### Dataset content
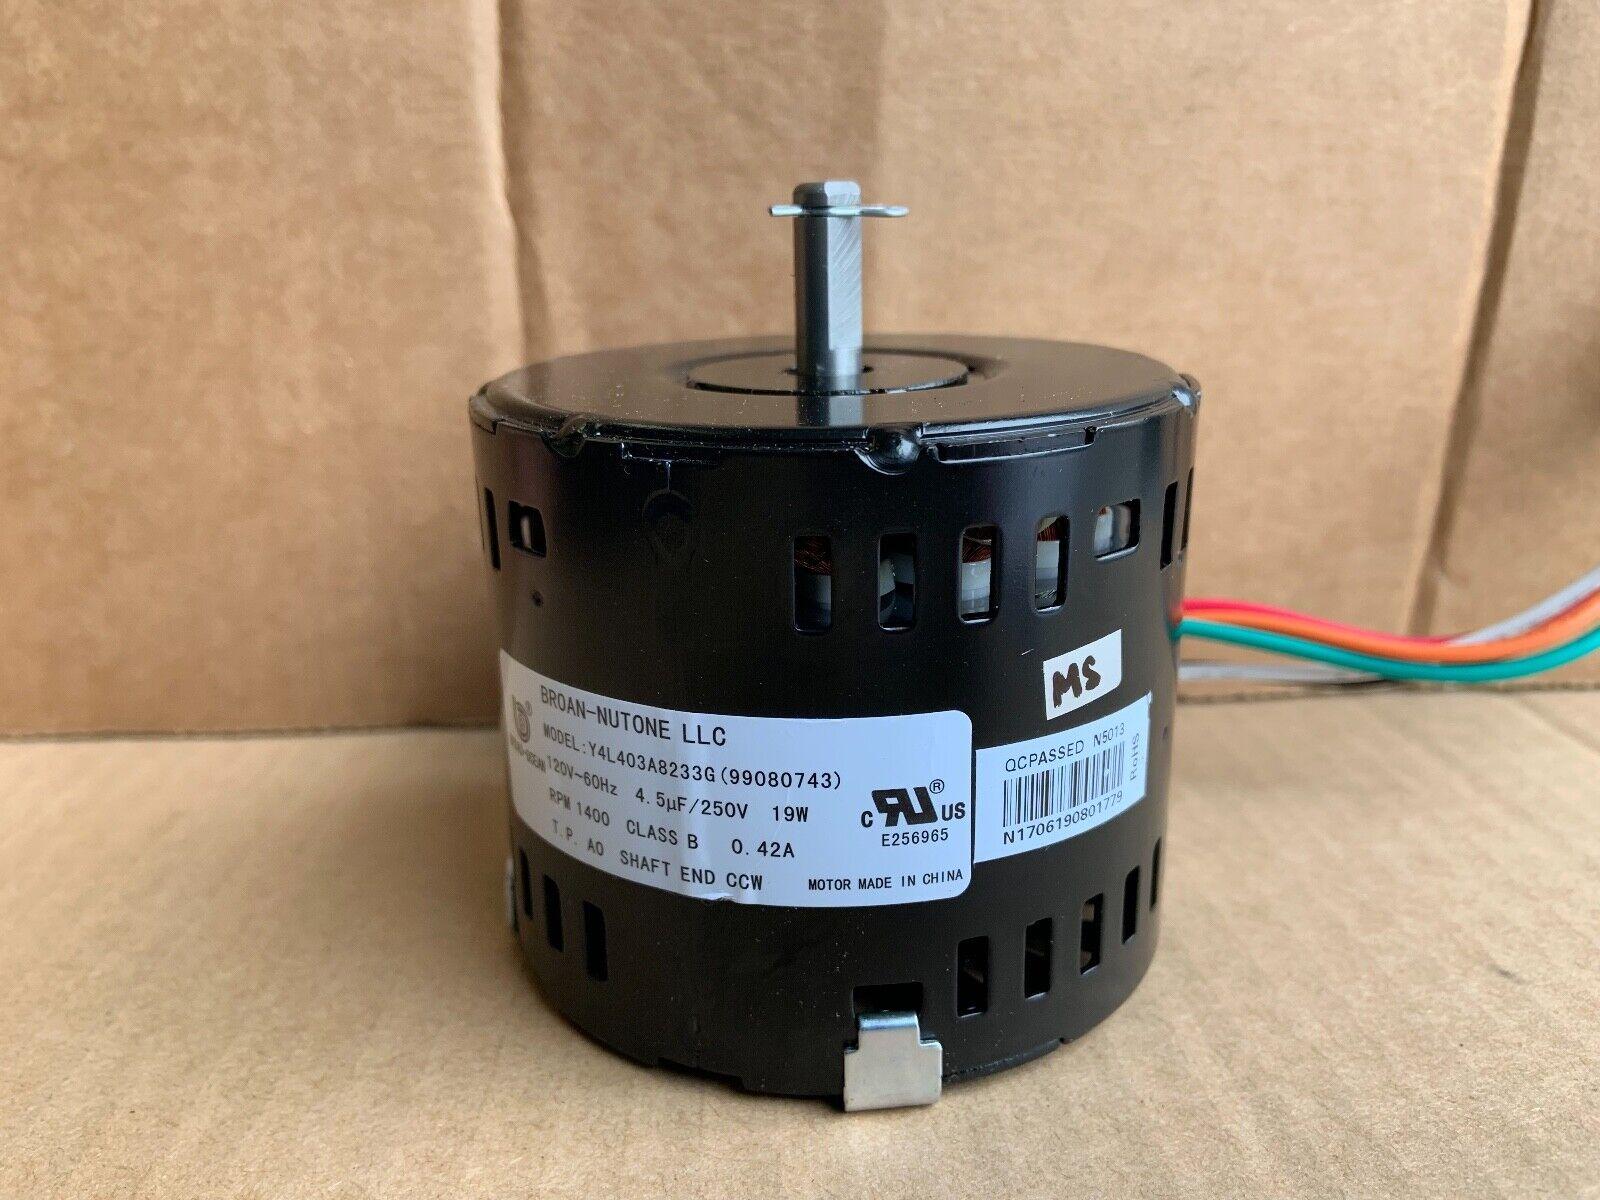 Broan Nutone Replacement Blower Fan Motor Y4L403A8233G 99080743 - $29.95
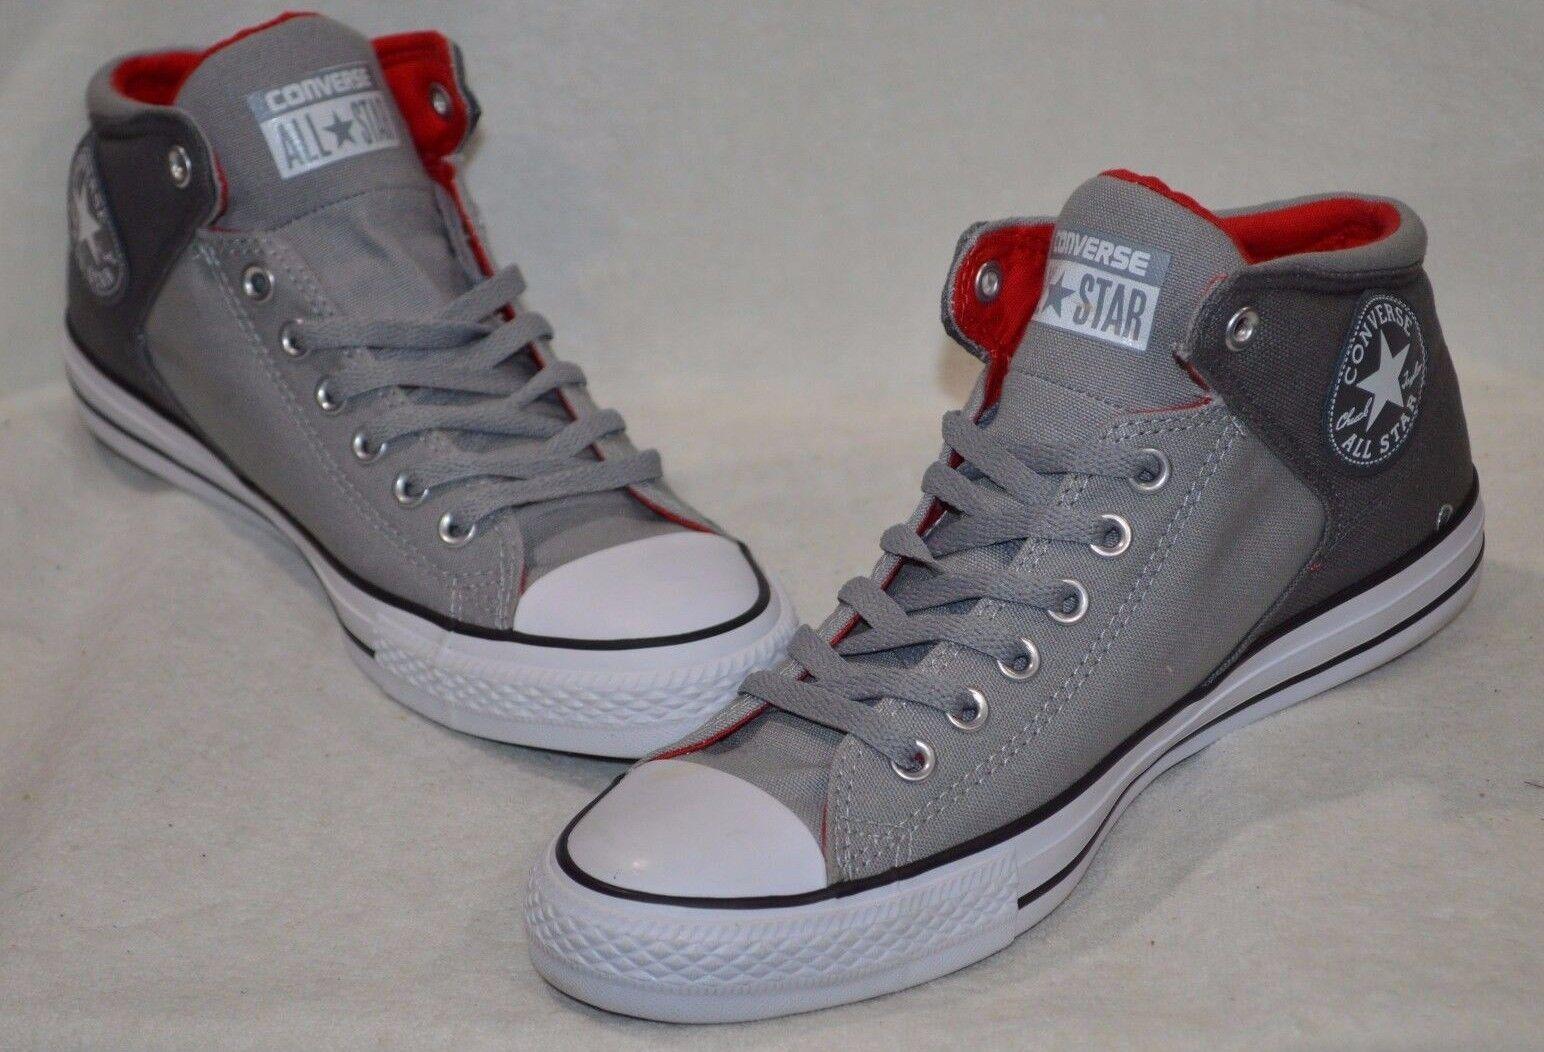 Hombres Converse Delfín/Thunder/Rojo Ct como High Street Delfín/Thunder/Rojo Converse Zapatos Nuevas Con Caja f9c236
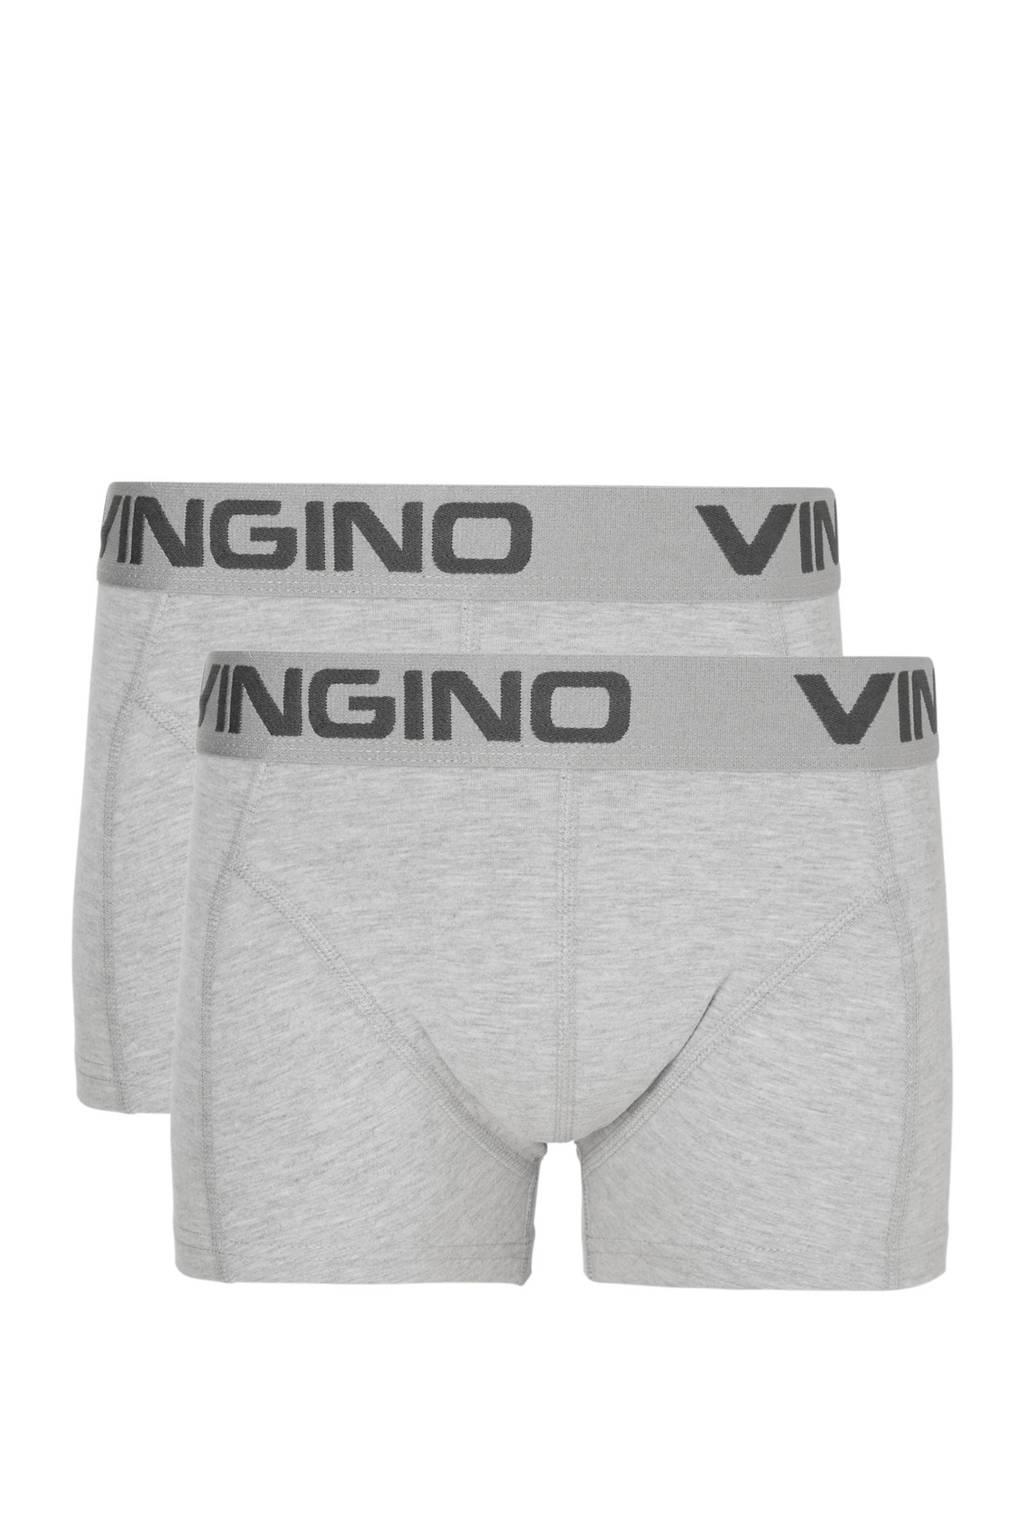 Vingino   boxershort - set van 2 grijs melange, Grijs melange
######
### Your instructions:
Could the lines from the one with "Hombres Converse Delfín/Thunder/Rojo" through the last line of the material above be written out exactly, both included, with pictures left out?

### Worked solution:
 Hombres Converse Delfín/Thunder/Rojo Ct como High Street Delfín/Thunder/Rojo Converse Zapatos Nuevas Con Caja f9c236
 Vingino   boxershort - set van 2 grijs melange, Grijs melange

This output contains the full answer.